» What you need to do
Between the line containing "Blending red lentil" and the line containing "Perceeloppervlakte Glenn Millerweg 51 Almere" lies a run of lines; give that run again exactly, with both of those lines, and nothing else from the entries below.

» Data records

---+---

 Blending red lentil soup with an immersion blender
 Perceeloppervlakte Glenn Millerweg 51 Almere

---+---

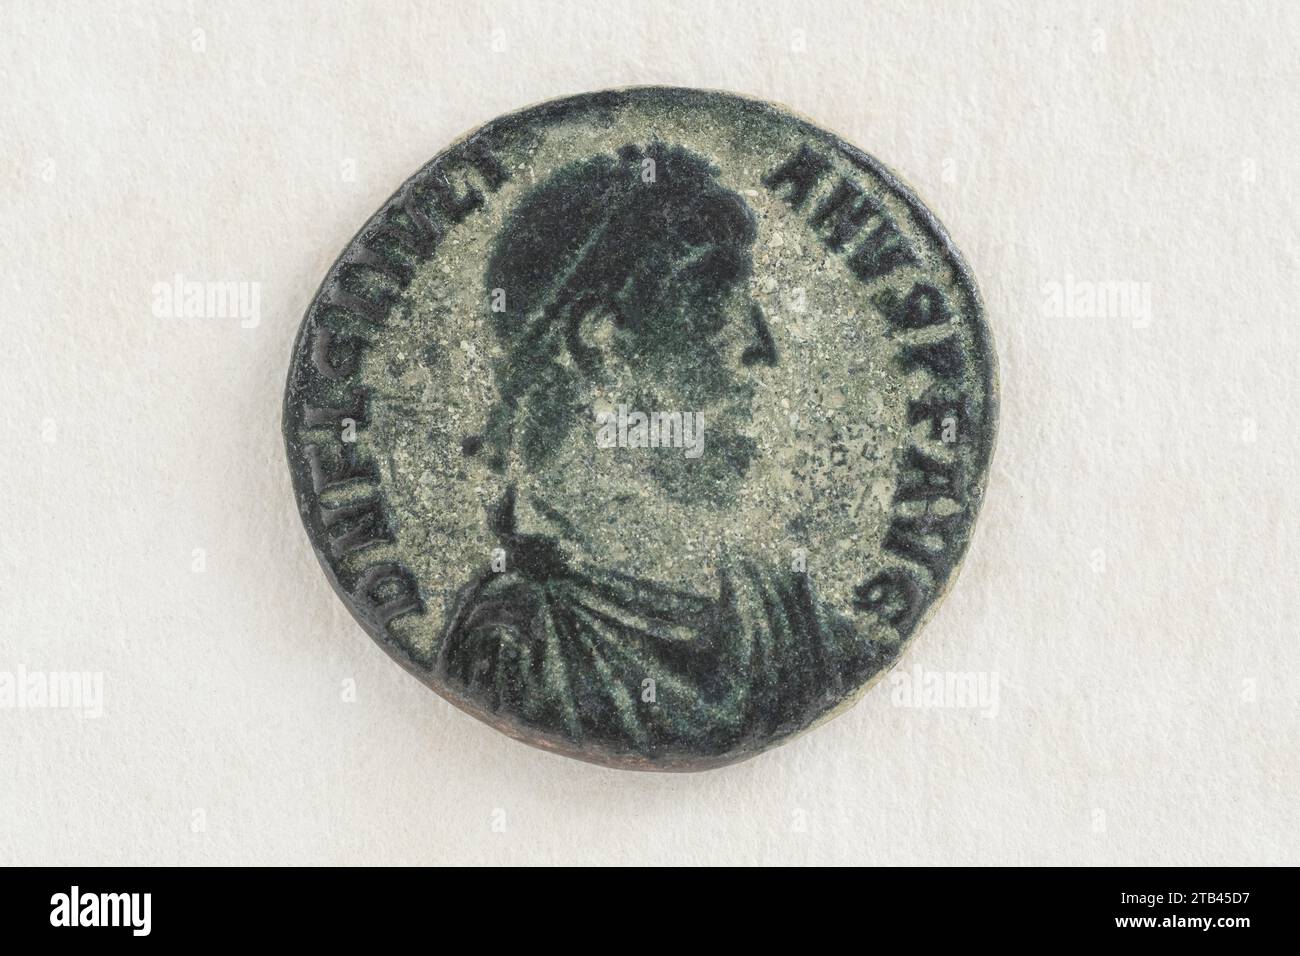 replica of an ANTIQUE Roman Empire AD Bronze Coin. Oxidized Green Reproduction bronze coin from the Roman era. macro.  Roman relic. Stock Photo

---+---

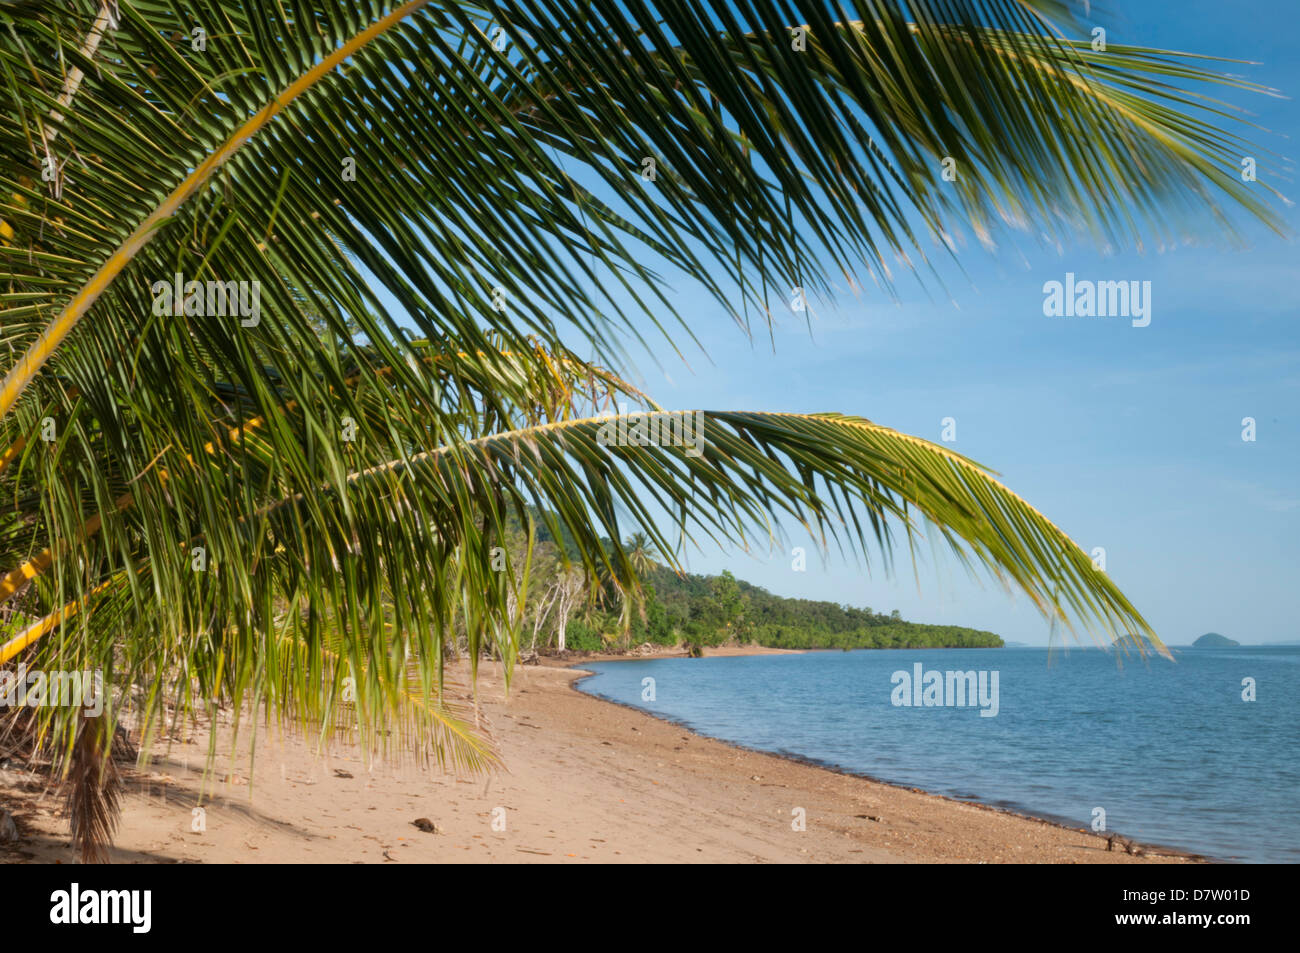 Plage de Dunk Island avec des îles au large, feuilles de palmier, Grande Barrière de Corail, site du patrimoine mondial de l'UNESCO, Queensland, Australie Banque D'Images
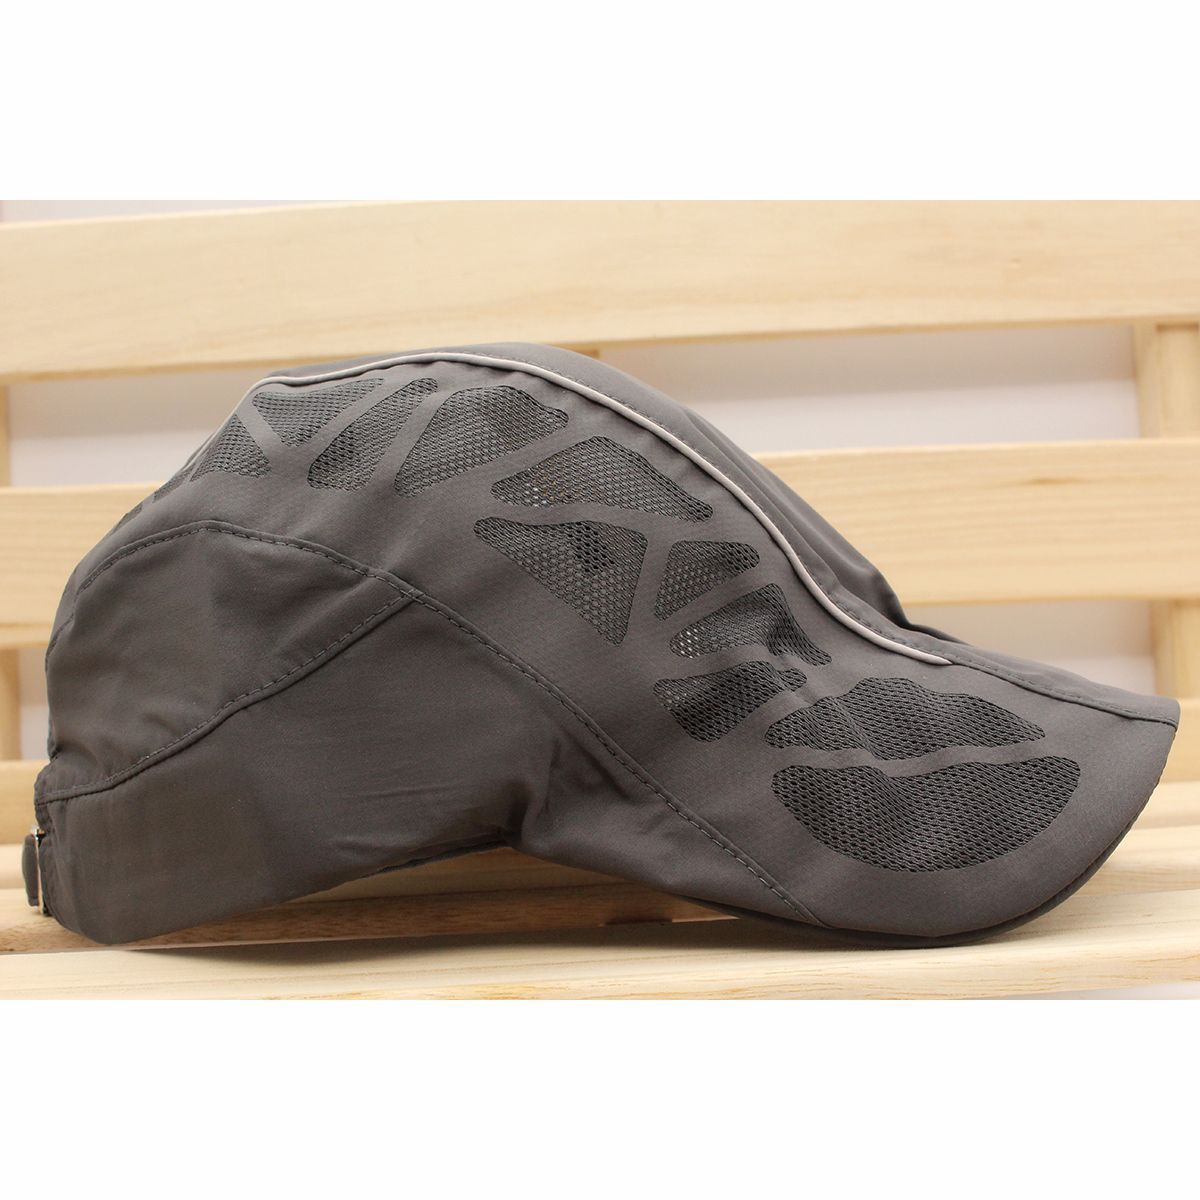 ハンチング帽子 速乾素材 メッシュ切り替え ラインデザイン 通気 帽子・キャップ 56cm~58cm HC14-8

---+---

» Response for this exercise
 Blending red lentil soup with an immersion blender
 Perceeloppervlakte Glenn Millerweg 51 Almere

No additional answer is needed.